È un modo ideale per sottrarre questi soggetti all’emarginazione?
“Non credo esista un modo ideale per sottrarre una persona all’emarginazione, per includerla, per farle ritrovare il piacere della socialità e la voglia di mettersi in gioco. So però che il calcio può in questo senso essere uno strumento potentissimo, che andrebbe usato sempre più spesso in questa direzione”.
Che rapporto si è venuto a instaurare tra voi?
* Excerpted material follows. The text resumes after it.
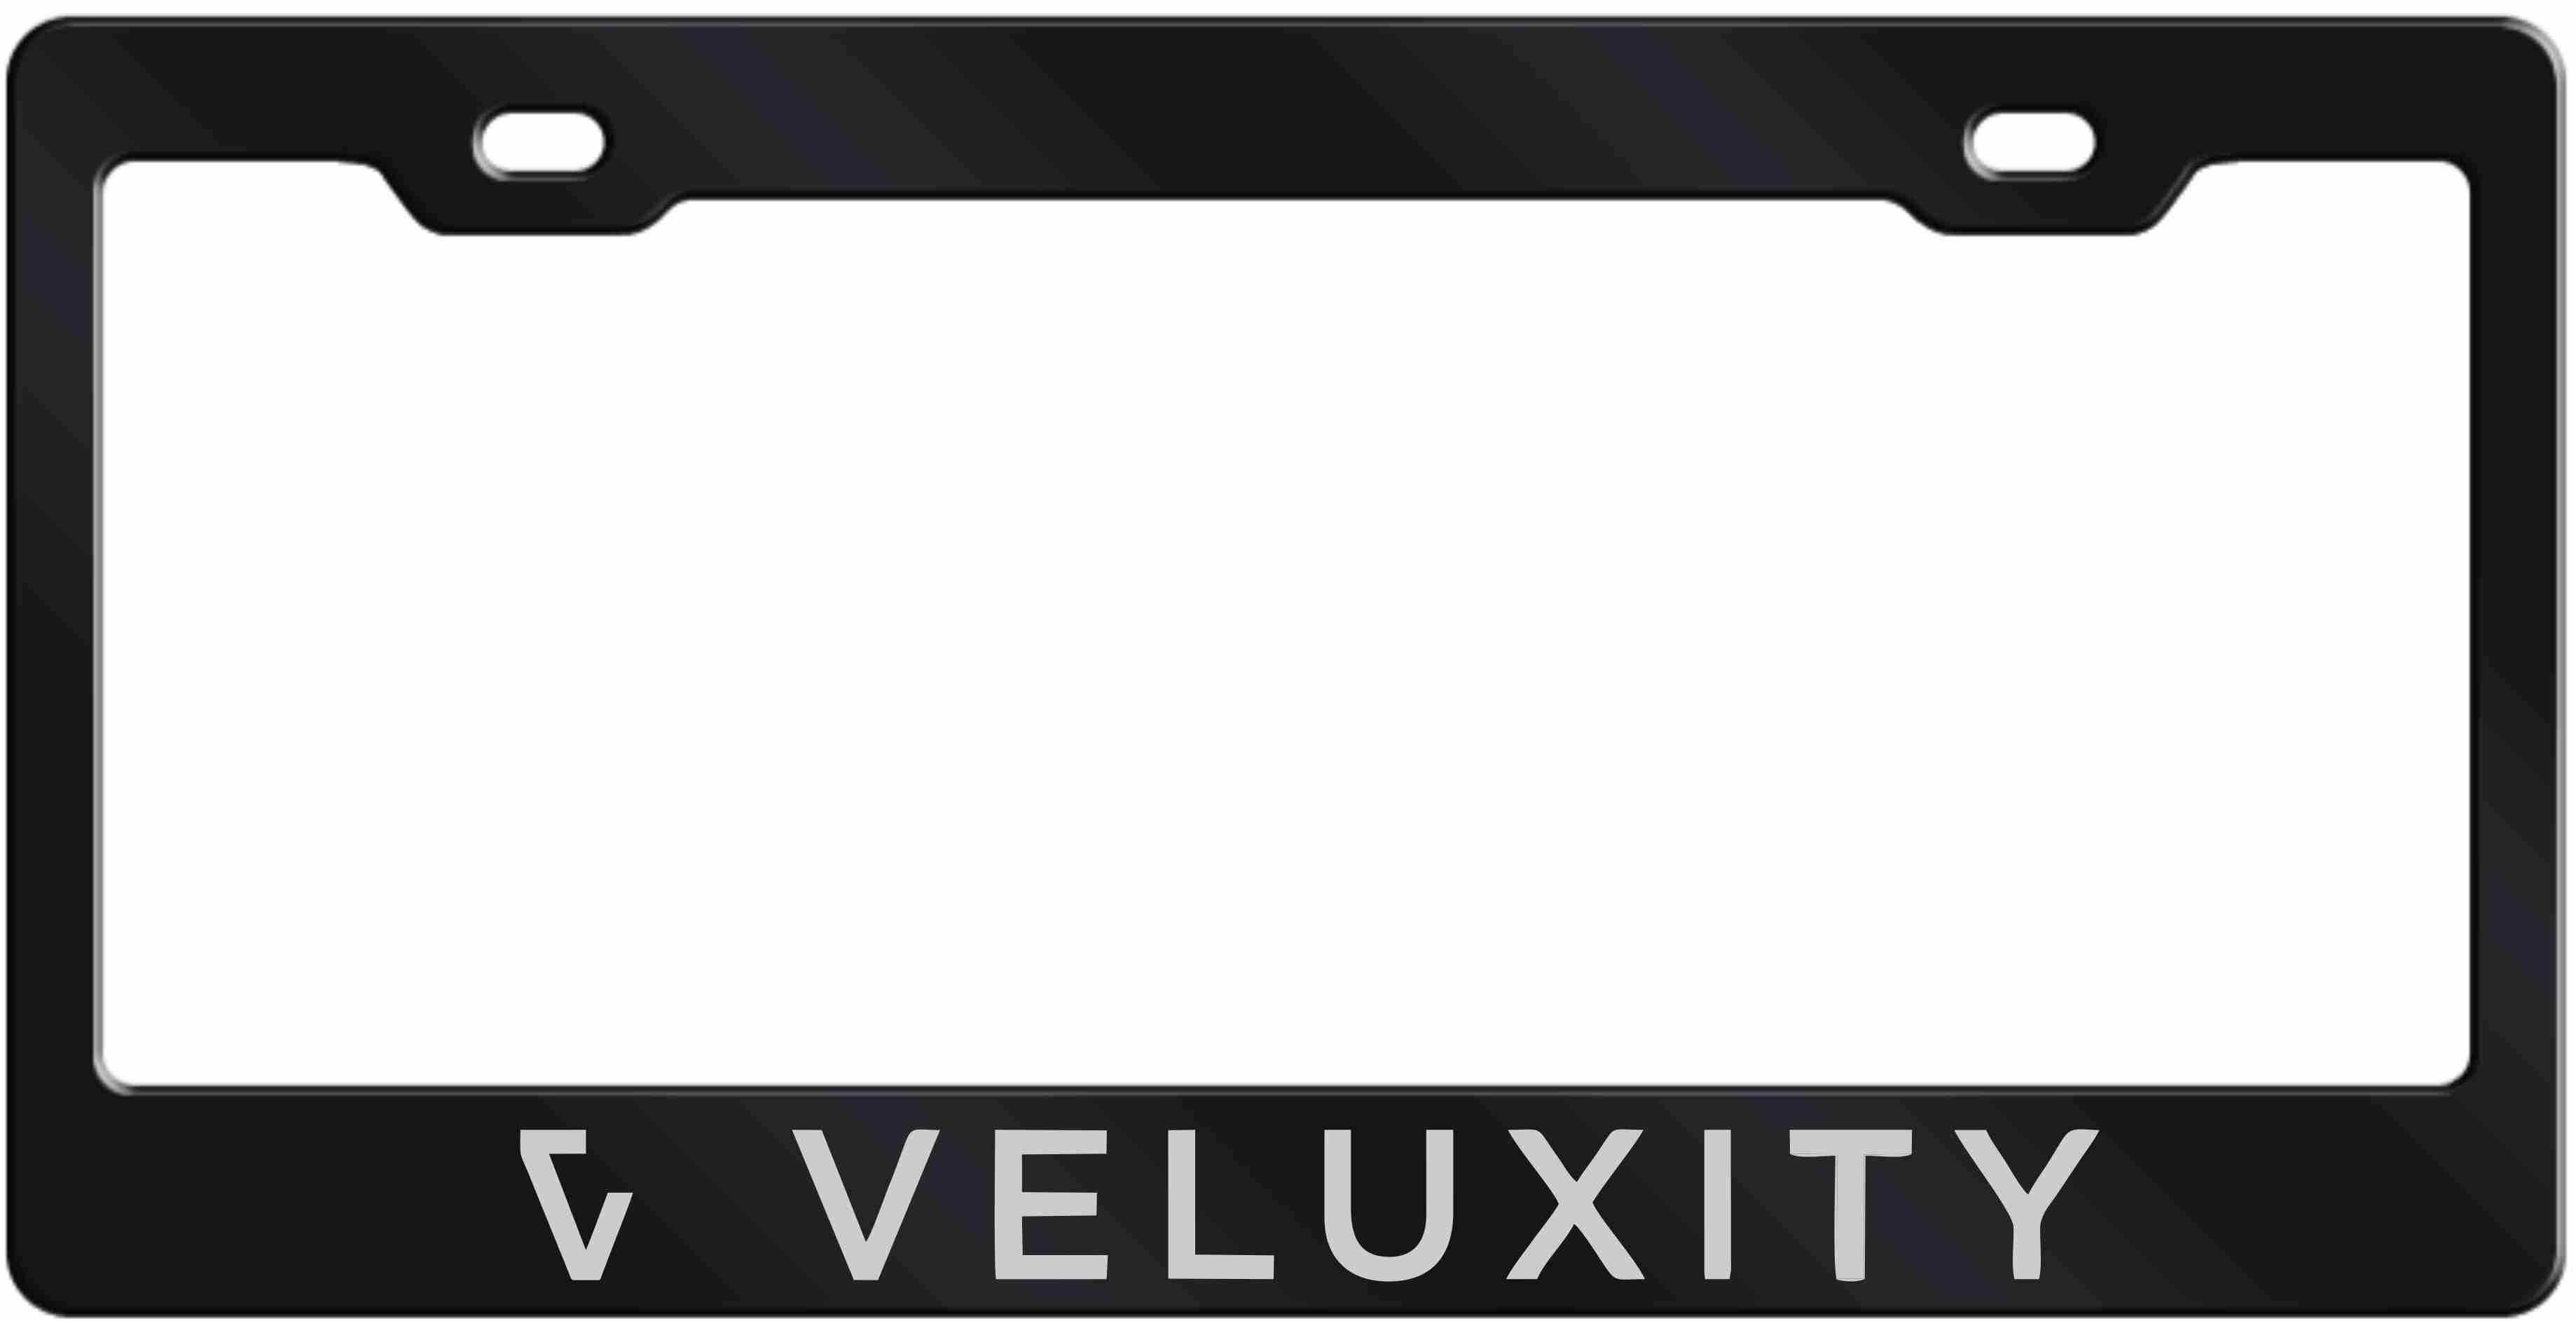 Veluxity - Anodized Aluminum License Plate Frame

“Il rapporto che negli anni abbiamo instaurato con questi ragazzi è sicuramente uno dei motivi di maggior soddisfazione: da una parte è un classico rapporto giocatore/allenatori (io e il mio staff, con Riccardo Budoni e Cristian Simina), dall’altra, per tanti motivi diversi, è diventato anche qualcos’altro. Abbiamo cercato di sostenerli nei momenti di difficoltà, in qualche caso di aiutarli a trovare situazioni abitative, lavorative o calcistiche che potessero agevolare il loro percorso di cura e di vita. Questo ovviamente ha creato legami ancora più forti, con alla base un grande rispetto e riconoscenza reciproci”.
È vero che la vostra storia ha ispirato un film?
“La nascita della Nazionale, nel 2016, e la sua partecipazione al primo mondiale in Giappone è stata raccontata dal documentario ‘Crazy for football’, vincitore, tra l’altro, del David di Donatello 2017. Successivamente ha ispirato, insieme al mondiale organizzato e vinto nel 2018, un film per la tv andato in onda nel novembre 2021 in prima serata su Rai 1, visto da quasi tre milioni di persone.”
A chi dedica questi suoi successi in campo e non?
“In generale a tutti quelli che da anni sostengono il progetto, ai quasi 400 ragazzi che si sono presentati in questi anni alle nostre selezioni, alle strutture che li hanno accompagnati e alle loro famiglie. In particolare a tutti i giocatori della Nazionale, presenti e passati, a chi ha potuto vincere sul campo questo Europeo e a chi, per scelta tecnica o altri motivi, ha potuto solo tifare. E un pensiero speciale va a due ragazzi che ho particolarmente nel cuore: Ruben Carini, il nostro capitano campione del mondo che speriamo sempre possa tornare con noi, e Antonio Barba ,che non c’è più, ma che ricordiamo prima di ogni partita con il nostro urlo di squadra”.